PROMPT:
Please retype the listing exactly as it appears, skipping each picture.

COLLECTED MATERIAL:
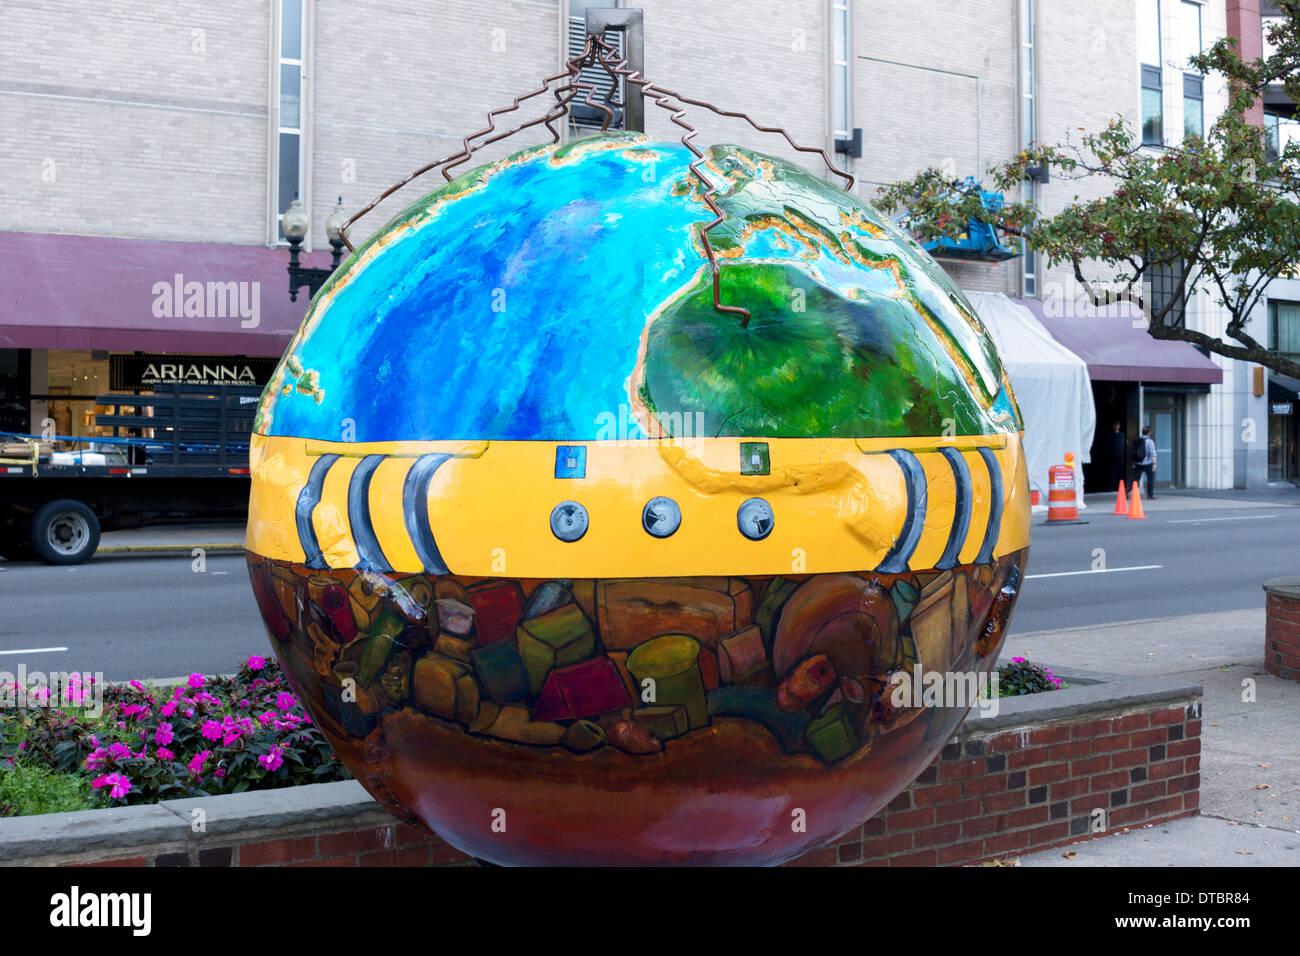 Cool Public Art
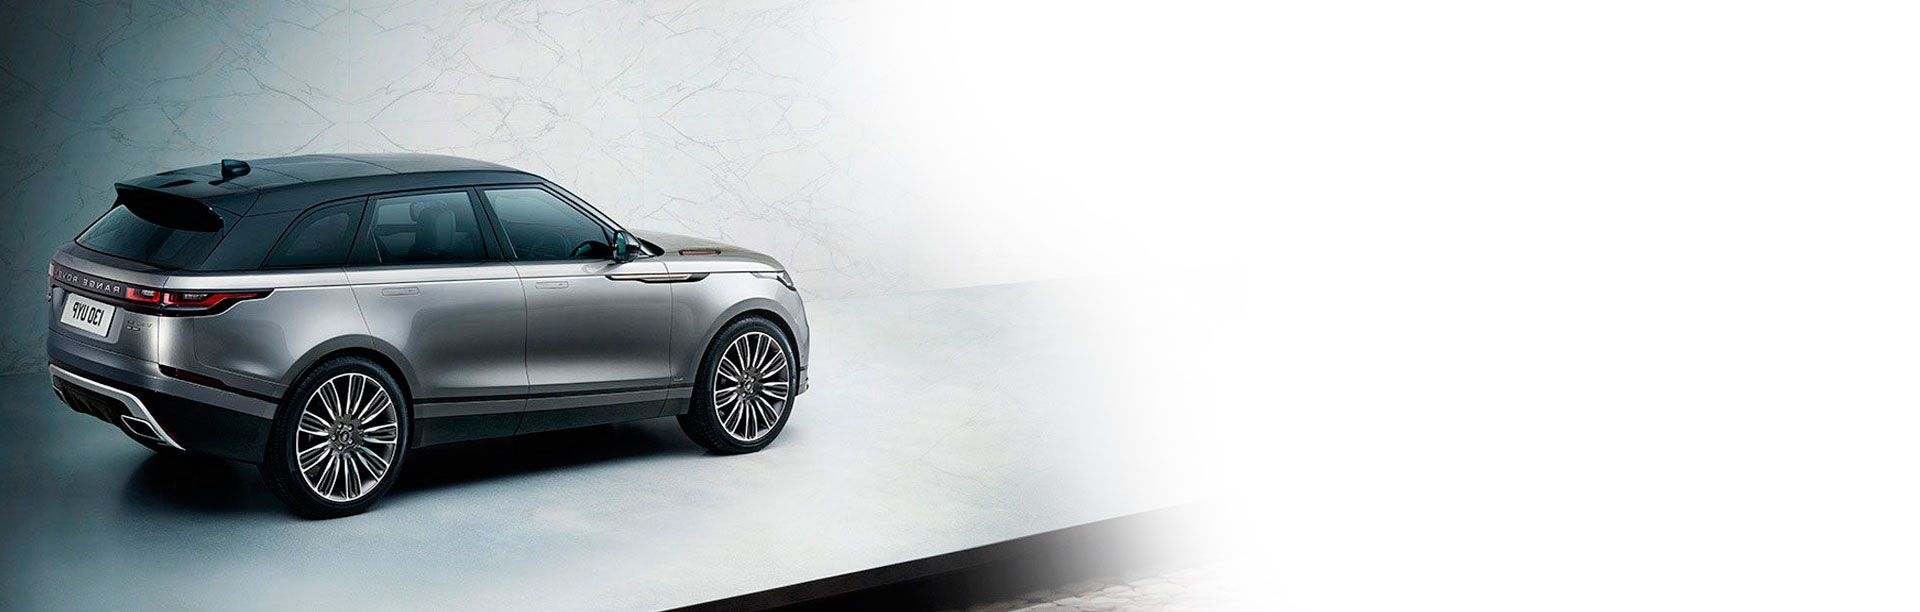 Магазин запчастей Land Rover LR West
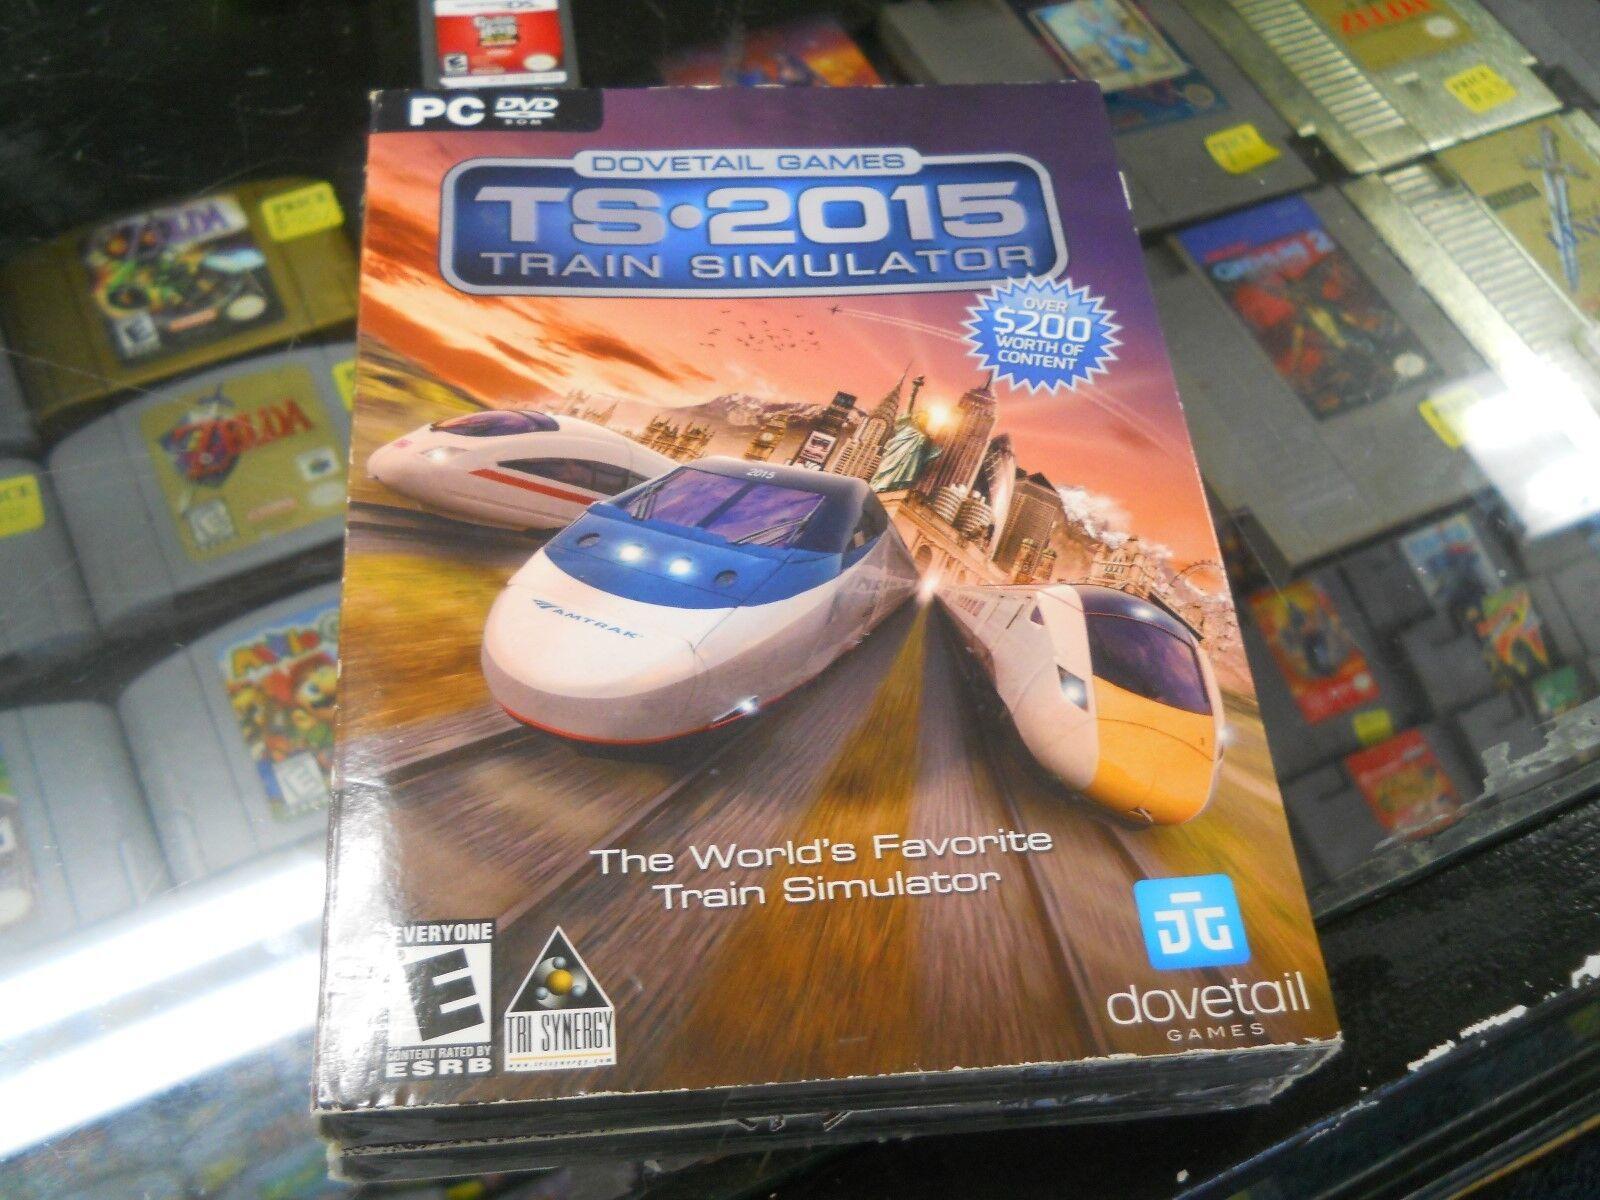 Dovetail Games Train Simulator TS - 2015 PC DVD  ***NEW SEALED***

SOLUTION:
 Cool Public Art
 Магазин запчастей Land Rover LR West
 Dovetail Games Train Simulator TS - 2015 PC DVD  ***NEW SEALED***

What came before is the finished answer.